Upon completing the processing of S108, the location identification processing unit 13 executes the processing of S105 again, but in FIG. 6E, there is no connection port number that is the same as the connection port P2 corresponding to the MAC address of the unauthorized device 20 among the connection port numbers acquired from SW5. Therefore, the location identification processing unit 13 determines that there is no corresponding SW. This determination result identifies that the unauthorized device 20 is connected to the connection port P2 of SW5, and the location identification processing unit 13 completes the location identification processing in S109. Then, in S110, the location identification processing unit 13 displays the connection location of the unauthorized device 20 in the network as identified by the location identification processing, that is, that the unauthorized device 20 is connected to the connection port P2 of SW5, on a display or the like using the input-output unit 15.

FIG. 7 illustrates an example of the display content of an identified connection location. In FIG. 7, the “Type” column indicates whether or not the device has been approved for connection by the administrator. For example, “Permitted” is displayed for an approved device, and “Blocked” is displayed for an unapproved device. The “MAC Address” column displays the MAC Address of the connected device. The “Location” column displays the identified connection location. For example, the result of the location identification processing according to the first embodiment is shown in row No. 1 in FIG. 7, where the “Location” column indicating the identified connection location indicates that the unauthorized device 20 is connected to the connection port P2 of SW5. Specifically, the first “AA” is a symbol indicating the unauthorized device 20, the next “-SW5” indicates SW5 to which the unauthorized device 20 is connected, the next “:Port2” indicates the connection port number P2 to which the unauthorized device 20 is connected, and the last “(Found Exactly)” indicates that the location identification processing is completed and the location has been identified. This display allows the administrator to ascertain the connection location of the unauthorized device 20.

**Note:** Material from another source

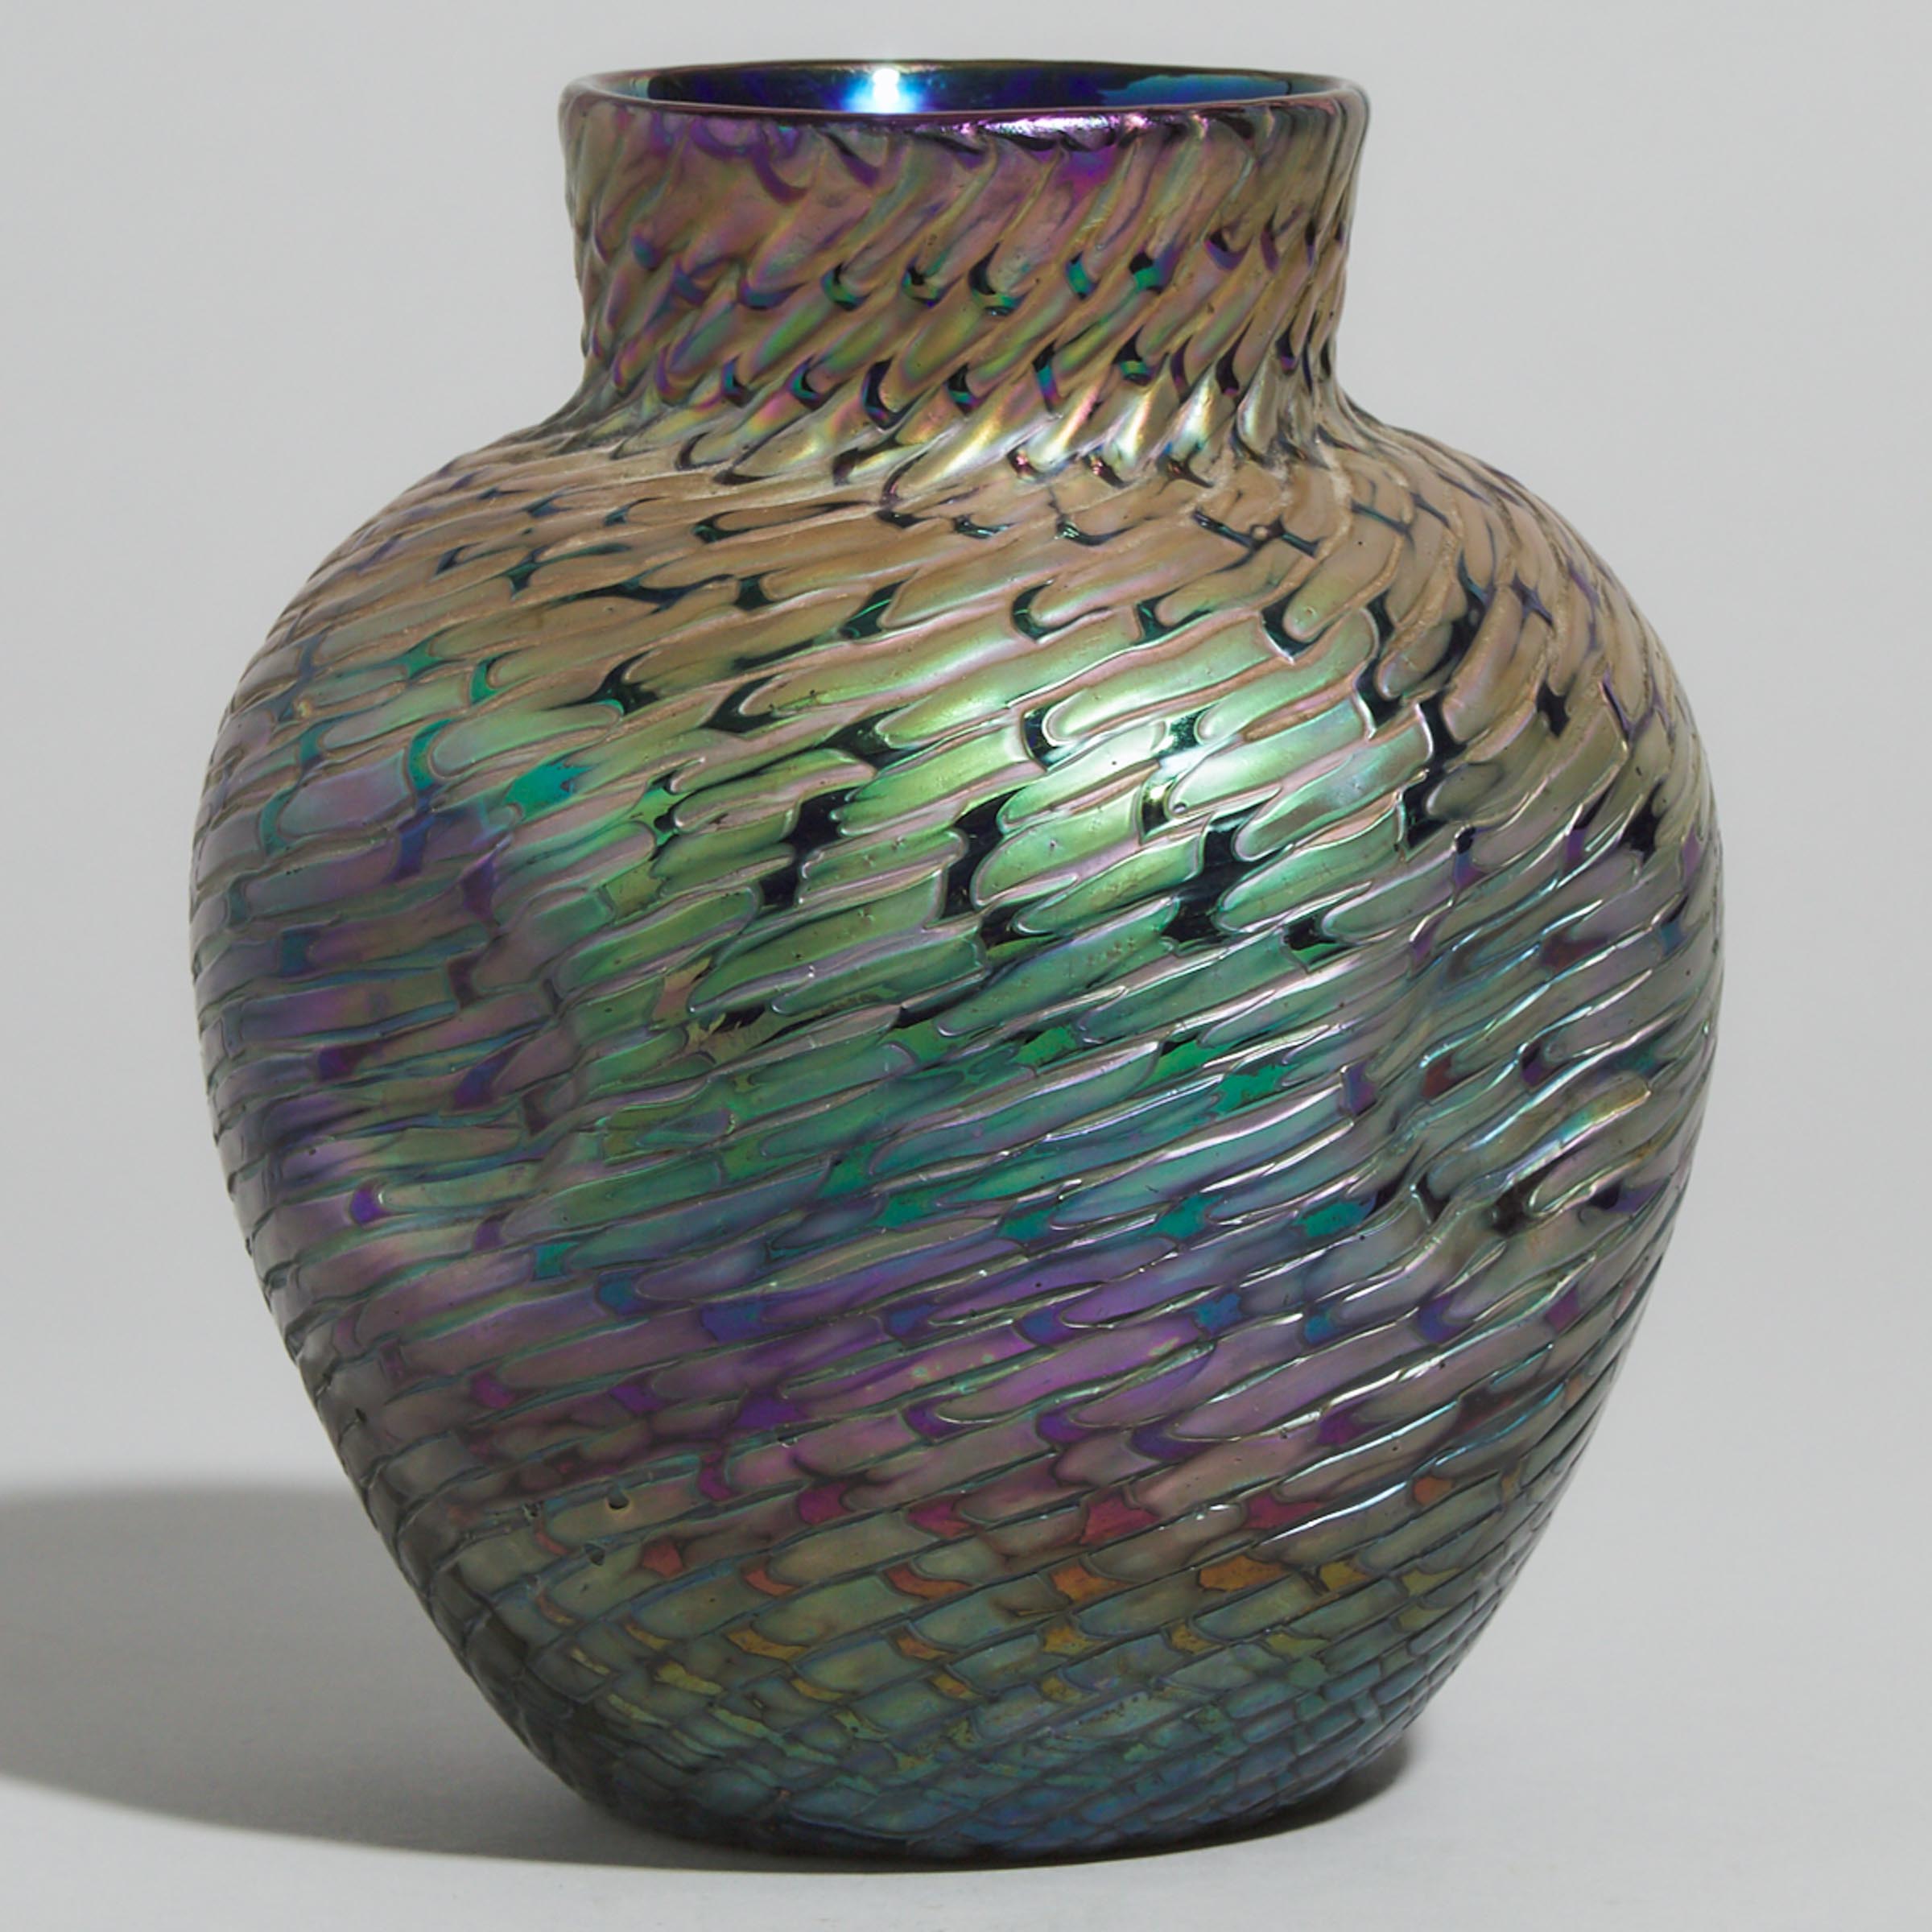 Austrian Iridescent Glass Vase, early 20th century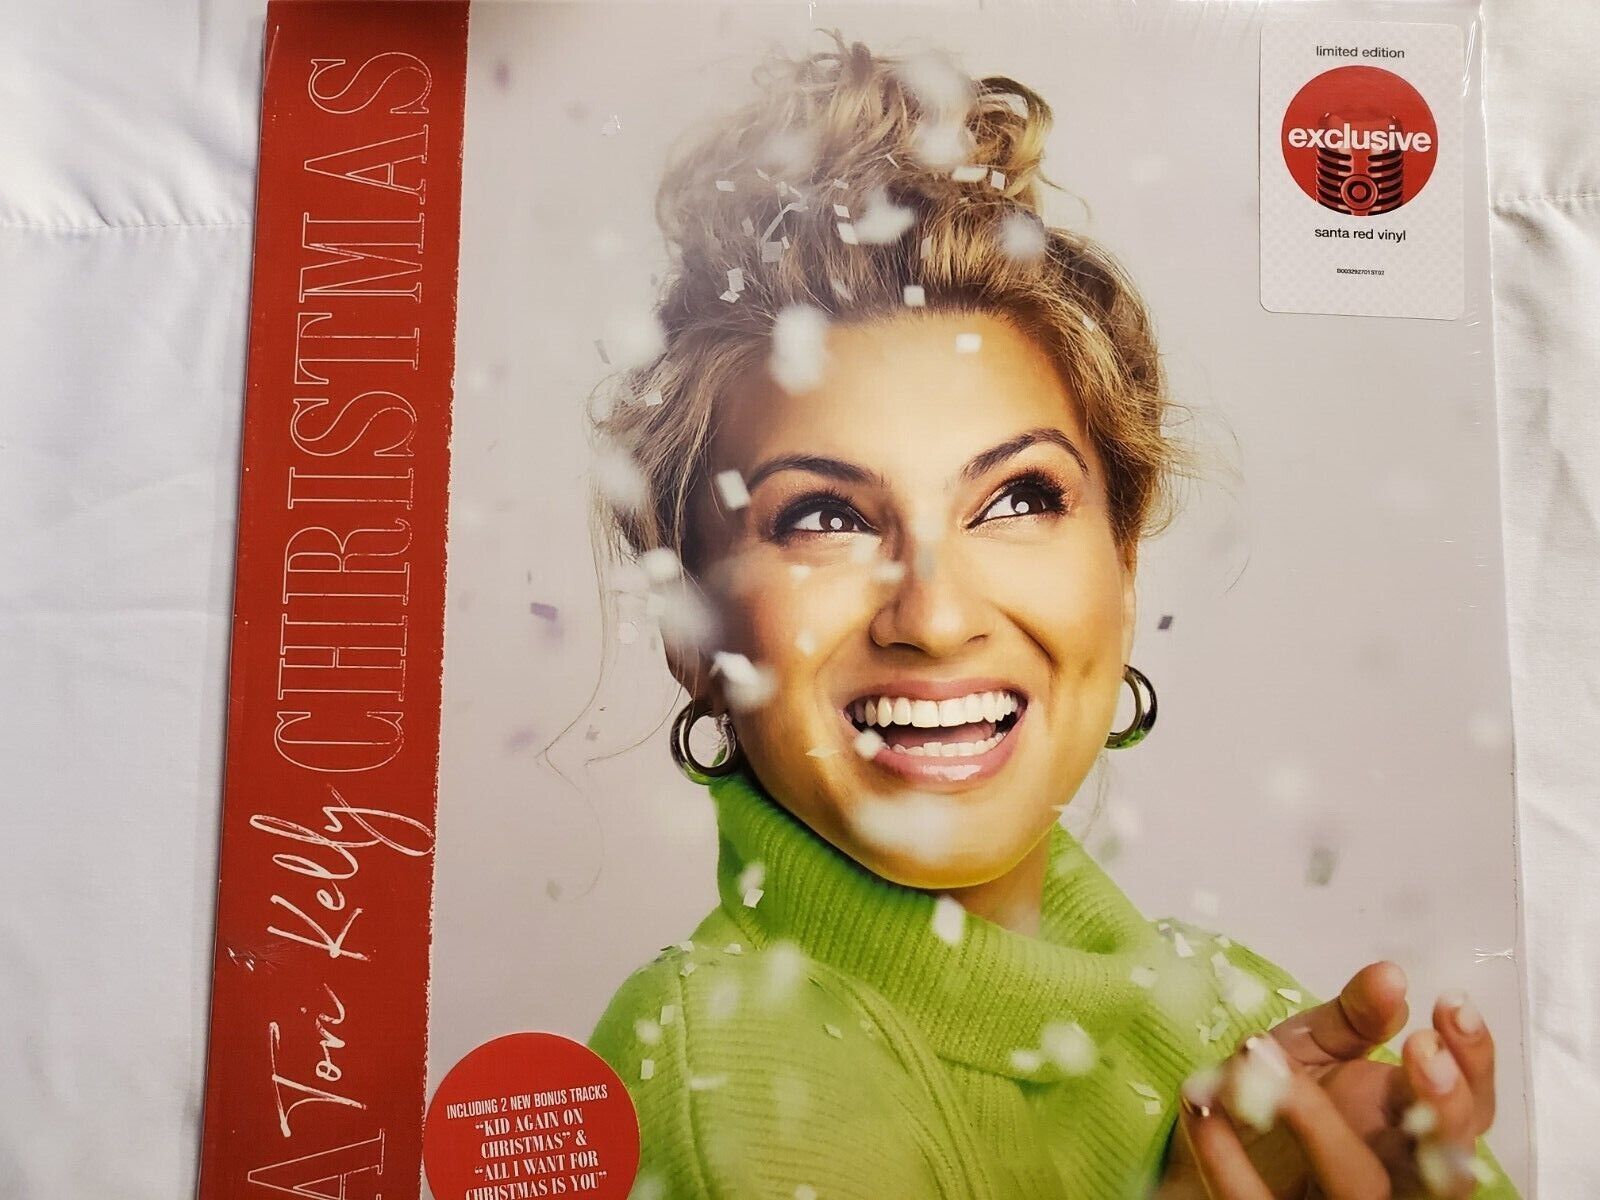 A Tori Kelly Christmas Limited Edition Santa Red Vinyl LP - 2 Bonus Tracks

As described above, in the location identification processing performed by the location identification apparatus according to the first embodiment, it is possible to identify the connection location of an unauthorized device connected to the network without acquiring all the information in the FDB from each network device that constitutes the network. Thus, even if a simple apparatus with lower processing power and smaller memory capacity than a typical personal computer is used as a location identification apparatus, it is possible to identify the connection location of an unauthorized device, and by not acquiring all the information from the FDB of each network device, the time required to identify the connection location is reduced, thereby making it possible to efficiently identify the connection location of the unauthorized device.

Second Embodiment

In the first embodiment, an example has been described in which SNMP agent software is embedded in each SW that constitutes the network and all of the SWs can respond to various requests using SNMP from the location identification apparatus 10. However, there may also be a case where part of the network includes an SW (hereinafter referred to as a non-intelligent SW) that does not have embedded SNMP agent software and does not respond to requests from the SNMP manager. In the second embodiment, an example will be described in which part of the network includes such a non-intelligent SW, and furthermore, the location identification apparatus 10 executes location identification processing for an unauthorized device connected to the non-intelligent SW.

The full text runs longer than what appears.